Cargo Ship Draws Phallic Shape with Route Before Becoming Wedged in Suez Canal

just to reiterate: about 10 percent of world trade has been at a standstill for 2 days bec

The MV Ever Given clogged one of the most vital shipping routes in the world, after its route traced a familiar shape in the Red Sea.

A 200,000 metric ton mega-ship was stranded diagonally across the Suez Canal on Wednesday, causing the mother of all traffic jams. The 1312 foot long, 193 foot wide MV Ever Given is registered in Panama, and currently leased by Taiwan-based shipping company Evergreen.

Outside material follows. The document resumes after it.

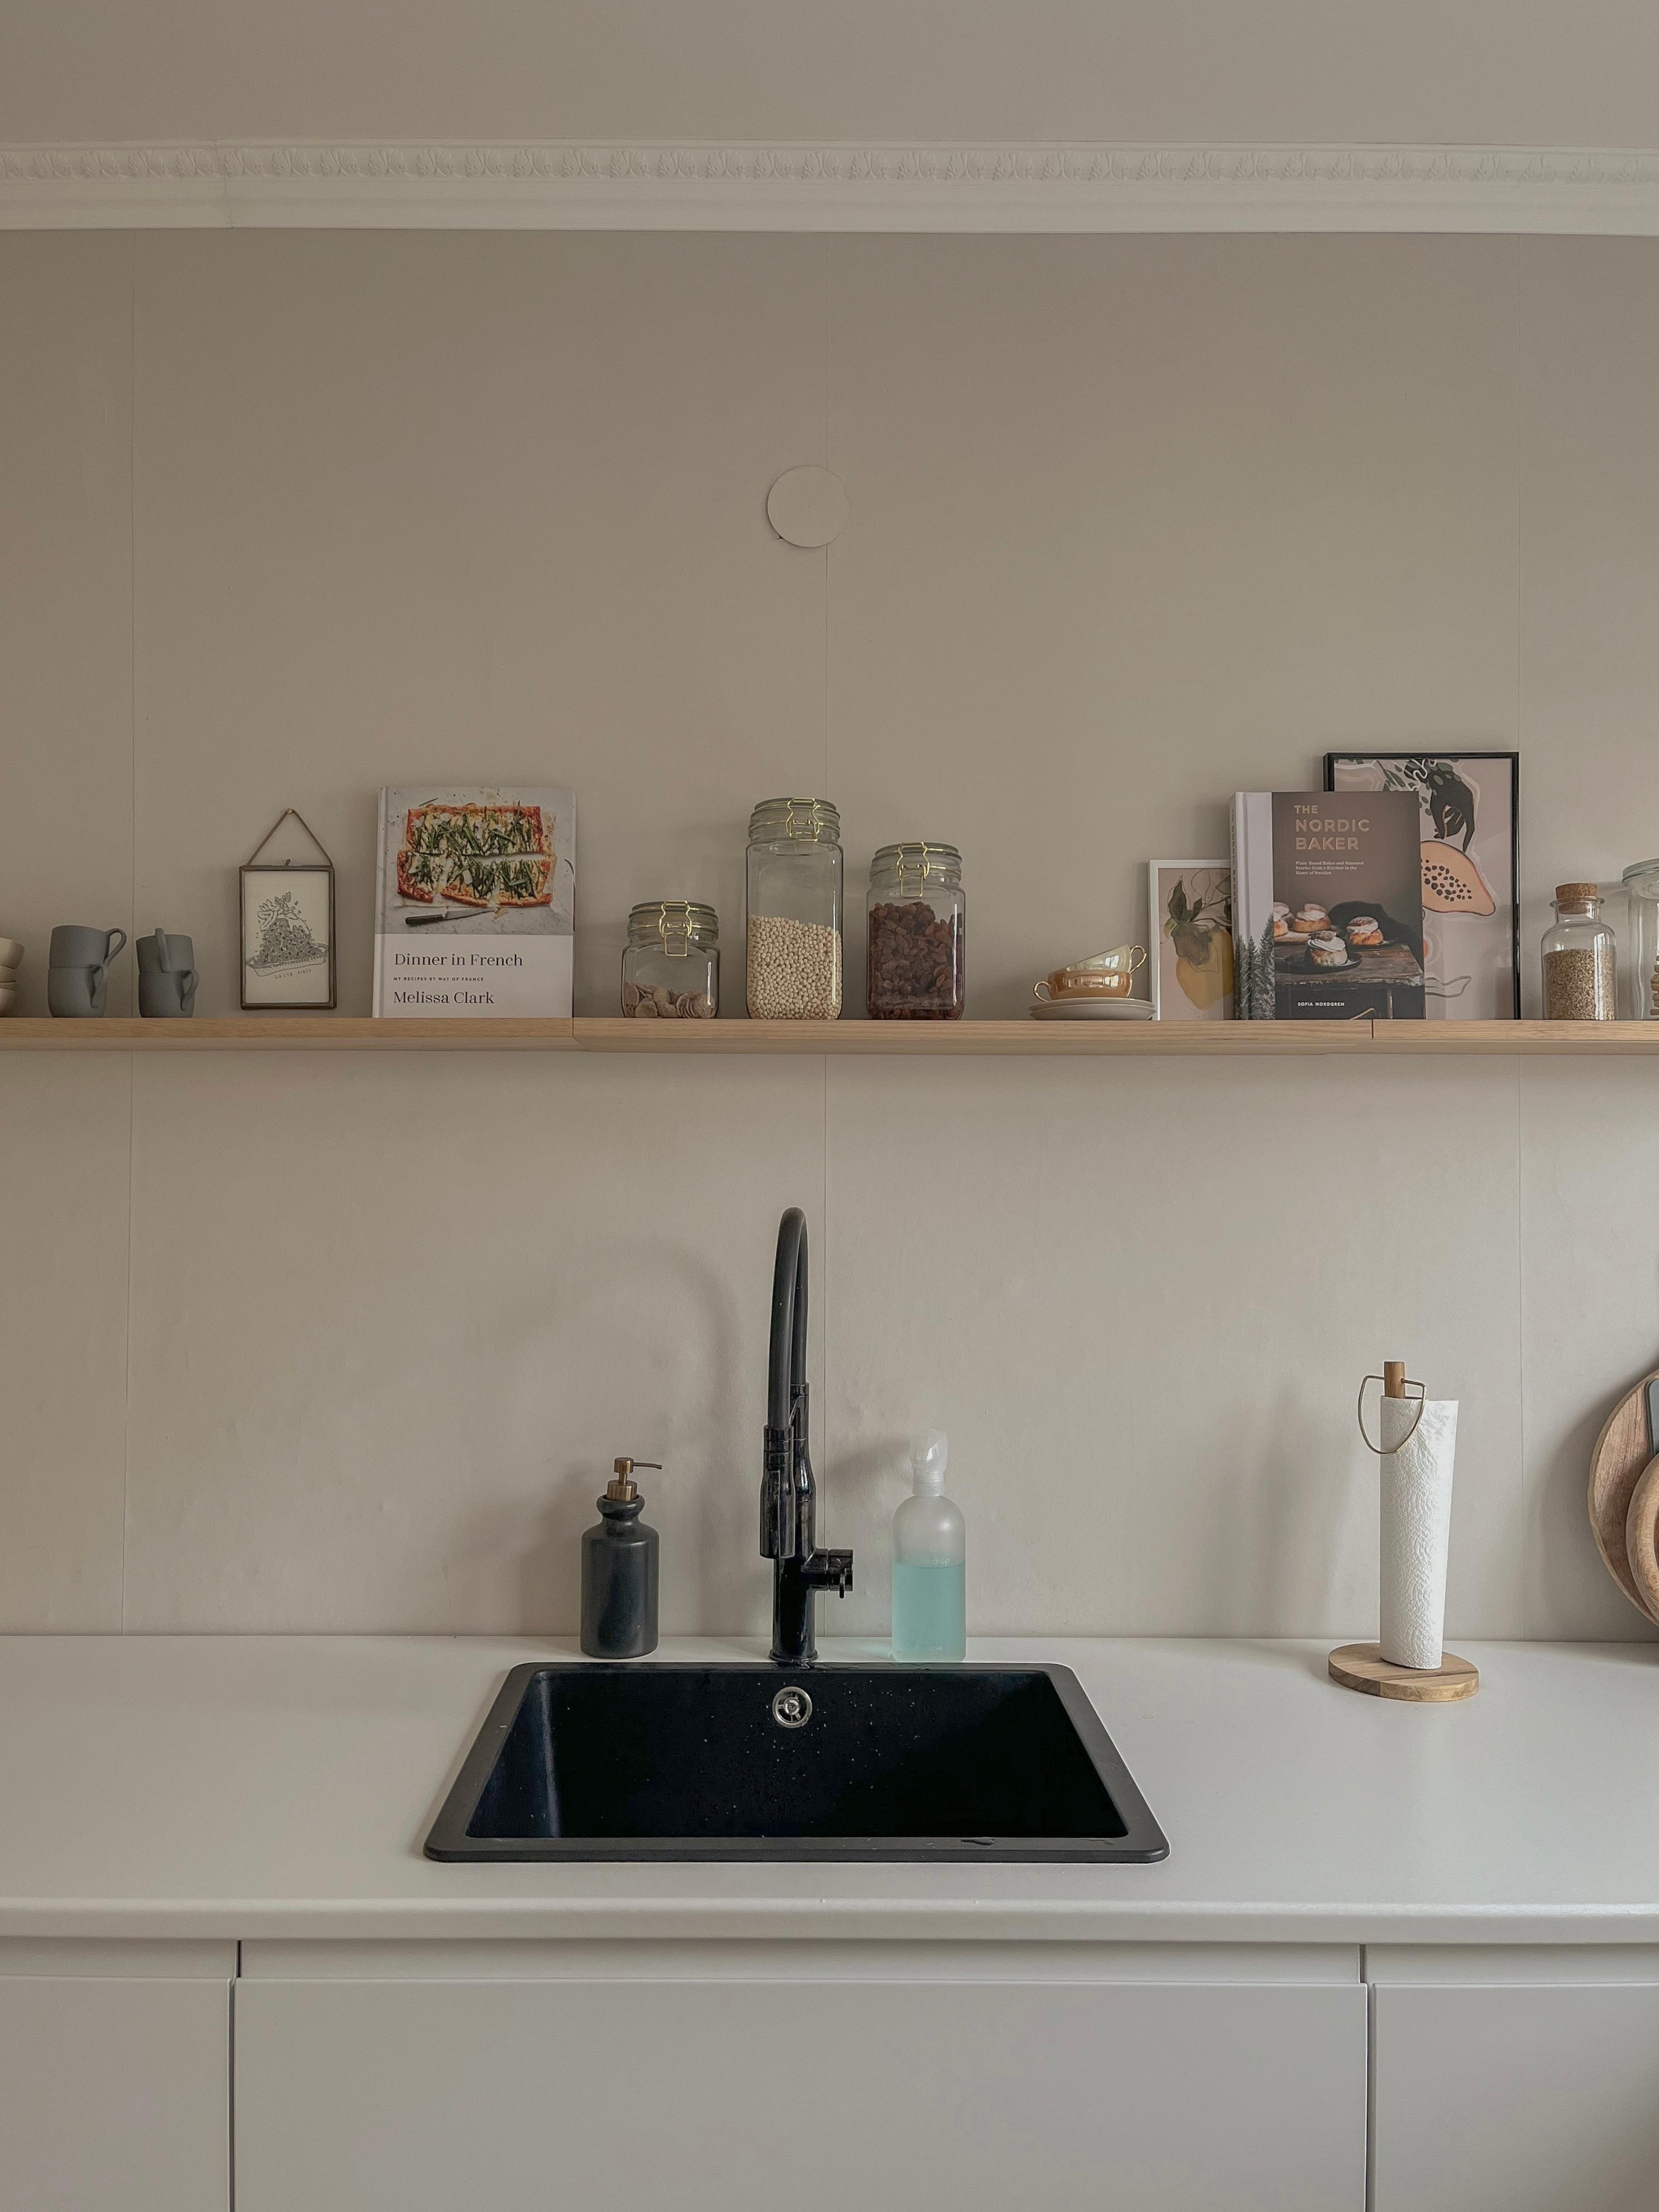 Küchendetails #Ikea #Metod #küche #weiß #regal #küchenregal #kochbücher #schwarze #spüle #schalen #tassen #weißeküche

Ship watchers noticed the vessel had traced a phallic shape in its route on the Red Sea before it entered and became stuck in the Suez Canal. In a now-viral video posted to YouTube on Wednesday to the “VesselFinder” channel, the MV Ever Given‘s route meanders through what appears to be a crude depiction of male anatomy.

But the so-called “dick ship” would have already drawn plenty of eyes even without the nautical — and seemingly coincidental — penis. Once it left the Red Sea to pass through the Suez Canal, The Suez Canal Authority said a gale-force sand storm wrested control of the behemoth from its operators, wedging it tightly across the entire width of one of the world’s most crucial trade passages.

“Gusting winds of 30 knots caused the container ship to deviate from its course, suspectedly leading to the grounding,” Evergreen confirmed in a statement released Thursday. “Evergreen has urged the shipowner to investigate the cause of this accident, and work closely with Suez Canal Authority and related agencies to refloat the stranded ship as soon as possible.”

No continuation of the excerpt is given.